Independent groceries thrive where 'Big 3' couldn't

Mercer 21014

Shereen Meraji/KPCC

Super King employees bag loads of groceries in Glassell Park.

Contract talks are dragging on between Southern California’s “Big 3” supermarkets – Vons, Ralphs and Albertsons – and their union workers.

The union worries about rollbacks in wages and benefits; the stores worry about Walmart and other giant non-union competitors moving into the grocery business.

And there’s another worry: a crowd of small grocery chains, most of them non-union, that do bang-up business where the “Big 3” couldn’t.

When people say L.A. is a company town, don't think Hollywood. Think groceries.

At the Super King market on San Fernando Road in Glassell Park, a neighborhood in northeast L.A., store director Raffi Karayan plays tour guide. "Right now we’re just going through people, trying to maneuver ourselves through the shopping carts. We have 14 checkstands open, and we have baggers on each checkstand to make sure the lines are going as fast as possible."

We try to walk through the aisle in front of the checkstands and there are grocery carts and people everywhere. This is at 4 p.m. on a Tuesday. Karayan says it’s a slow Tuesday for his Super King.

And his isn’t the only store in the neighborhood. Victoria De Leon has been living and grocery shopping in Glassell Park for over 30 years. She ticks through her neighborhood options: Super A, Super King, Superior, La Esquina carniceria.

A couple of miles away in front of El Super is Johanna Sanchez of Highland Park. "We usually shop at Food 4 Less here in Highland Park, or we go to the Food 4 Less in Pasadena," says Sanchez. "We also go to the supermarkets here, El Superior, there’s also a Super A, there’s also a Fresh & Easy, and pretty close by there’s a Trader Joe’s where we’ve shopped."

The competition in Southern California between grocers is fierce. And, notice, not one mention of Vons, Ralphs or Albertsons – the “Big 3” in tense contract negotiations with employees.

There was a Ralphs in Glassell Park and an Albertsons in nearby Eagle Rock. Both are now closed. The Ralphs? That’s the Super King we just left – the one with 14 open registers on a Tuesday afternoon.

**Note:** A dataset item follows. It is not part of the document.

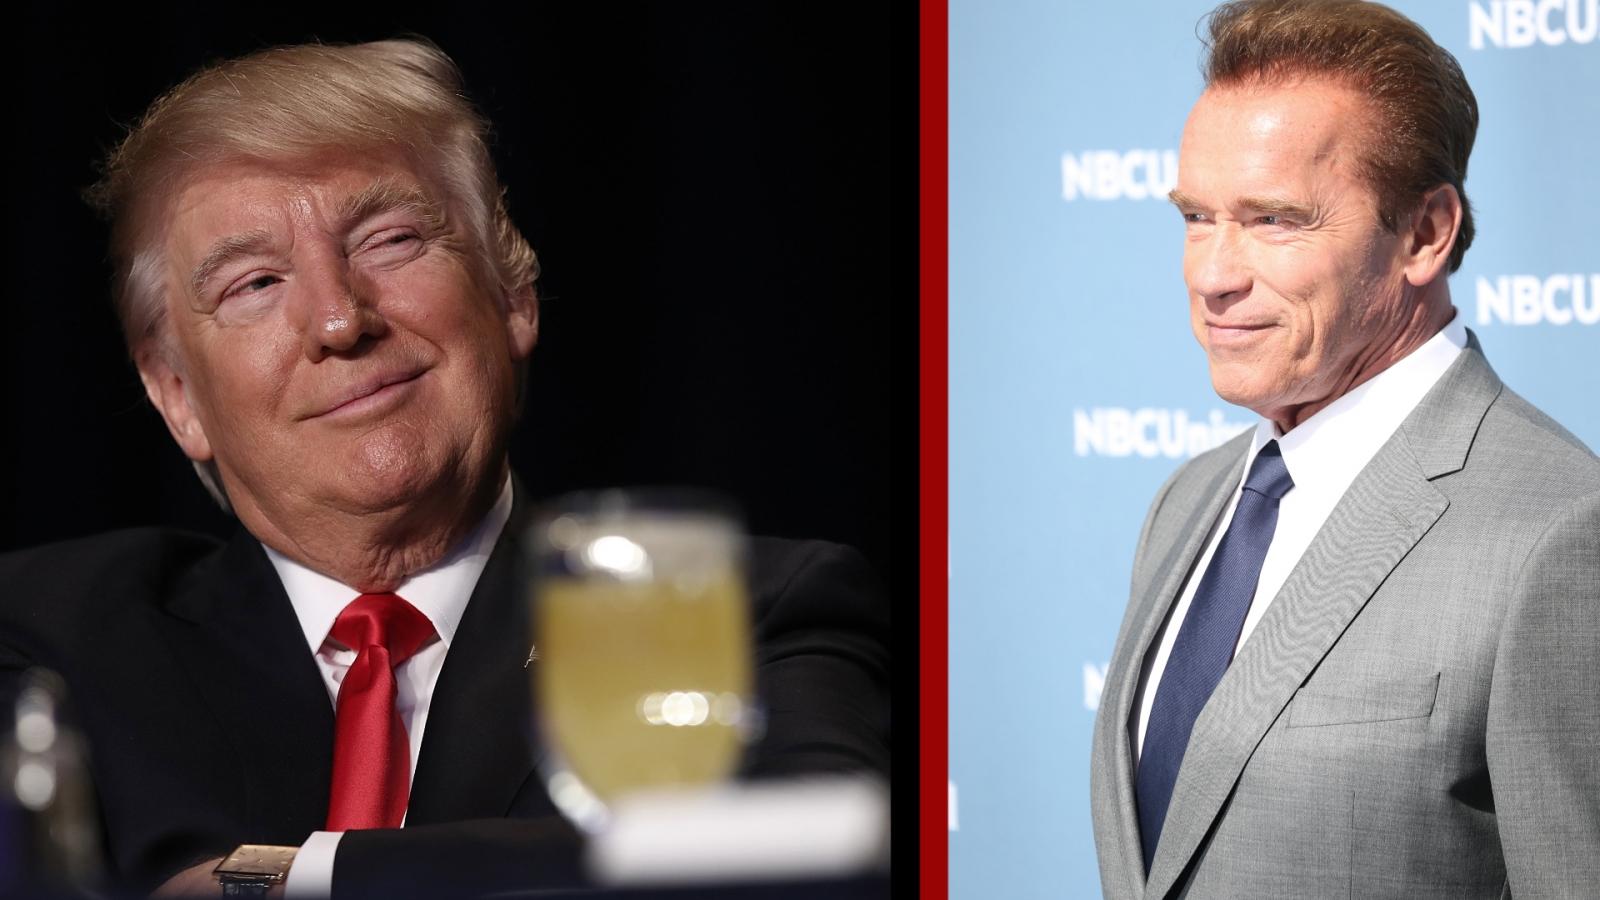 Arnold Schwarzenegger and Donald Trump

The Albertsons is now a Fresh & Easy owned by Britain’s Tesco.

"What happens in Los Angeles and then what happens in the rest of California is typically what happens across America," says Burt Flickinger. Flickinger is a grocery industry analyst in New York for Strategic Resource Group.

He calls Southern California the “most important” food market in the U.S. and Canada. "In food retailing, California was the first with organics, the first with scanning. California was one of the first to have food and drug combination stores for one-stop shopping. So, every decade, California, particularly the Los Angeles area, tends to be the trendsetter."

Flickinger says Southern California is experiencing a retail renaissance for independent grocery chains like Super King, El Super and others. They’re beating the “Big 3” – Vons, Ralphs and Albertsons – in low-income neighborhoods with better prices and products their customers want.

This is the second part of a five-part series. For months, Ralphs, Vons and Albertsons have been chipping away at a new contract with the union for grocery store workers. Sometimes, the talks get nasty enough to raise the specter of the “Big Three” labor dispute of 2003, when 70,000 grocery store workers stopped working for four months. In the end, the workers kept jobs but lost pay. The stores won a new pay scale but lost customers. Eight years later, a repeat of that dispute could be a disaster for the supermarkets and their workers. We look at why this week.